The major demand placed on telecommunication systems is for more information-carrying capacity
because the volume of information produced (and required) increases rapidly.
Information-carrying capacity is proportional to channel (transmission) bandwidth.

What limits channel bandwidth? ----- The frequency of the signal carrier.
The higher the carrier’s frequency, the greater the channel bandwidth and the higher the information-
carrying capacity of the system.
The rule-of-thumb for estimating the transmission bandwidth is that its maximum value is approximately
10% of the carrier frequency. Hence, if an electrical signal uses a 1 GHz carrier, then its maximum
bandwidth is about 100 MHz.

What we have known about communication channel?


A copper wire can carry a signal up to several hundred kHz over several tens of kms of distance.
A coaxial cable can propagate a signal up to several hundreds of MHz.
Radio transmission is in the range of 500 kHz to 100 MHz.

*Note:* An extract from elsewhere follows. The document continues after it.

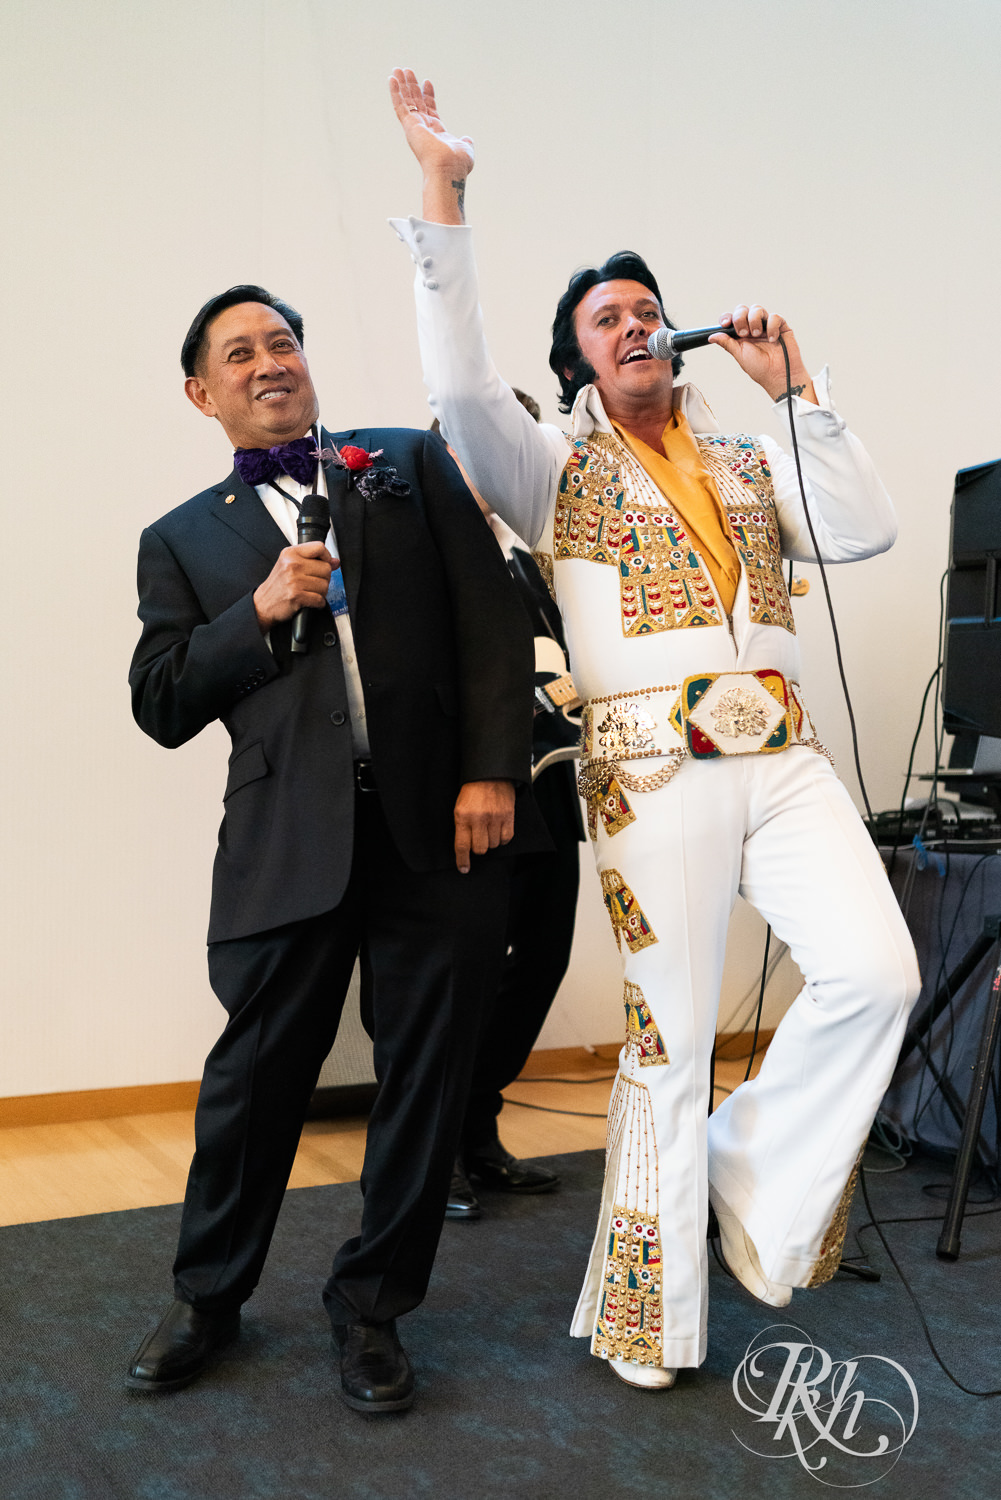 Elvis impersonator sings during wedding reception at the American Swedish Institute in Minneapolis, Minnesota.

Microwaves, including satellite channels,
operate up to 100 GHz.
Optical communications uses light as the carrier; light frequency is between 100 and 1000 THz (T = 1012).
Therefore, optical systems have the largest capacity for information transmission.

Don’t forget satellite communications!


It has the ability to reach nearly any point on the globe without wiring.
However, we still need a worldwide fiber-optic network because it has a much higher information-carrying
capacity than satellite systems, and it can transmit the signals faster.
It is not because the velocity of the signal is faster (both optical and satellite communications use
electromagnetic waves which have virtually the same velocity), but because the transmission path taken in
satellite communications is much longer since the signal travels from an earth station to a satellite high
above the earth, then travels to another satellite and then back to an earth station again.
Satellite communications is also adversely affected by atmospheric conditions such as rain, clouds, etc.
The advantages and disadvantages of satellite communications and fiber-optic technology will make both
systems complementary rather than competitive in the telecommunications industry.
For example, a TV signal can use satellite communications as well as fiber-optic systems at different points
in its path as it travels from one continent to another.
Network controllers will take into account a variety of factors (like peak times, signal delay times, etc.)
when routing calls.

Critical Thinking Questions:


(1) How can a satellite work if radio signals are affected by the ionosphere, which extends only 400 kms
out?
(2) What is meant by “wireless” communications?
(3) Assume that you want to transmit audio directly by antenna without modulation. If the signal to be
transmitted has a frequency around 2 kHz, why is this an impractical antenna?

Review Questions

1. Draw a block diagram of a basic communication system.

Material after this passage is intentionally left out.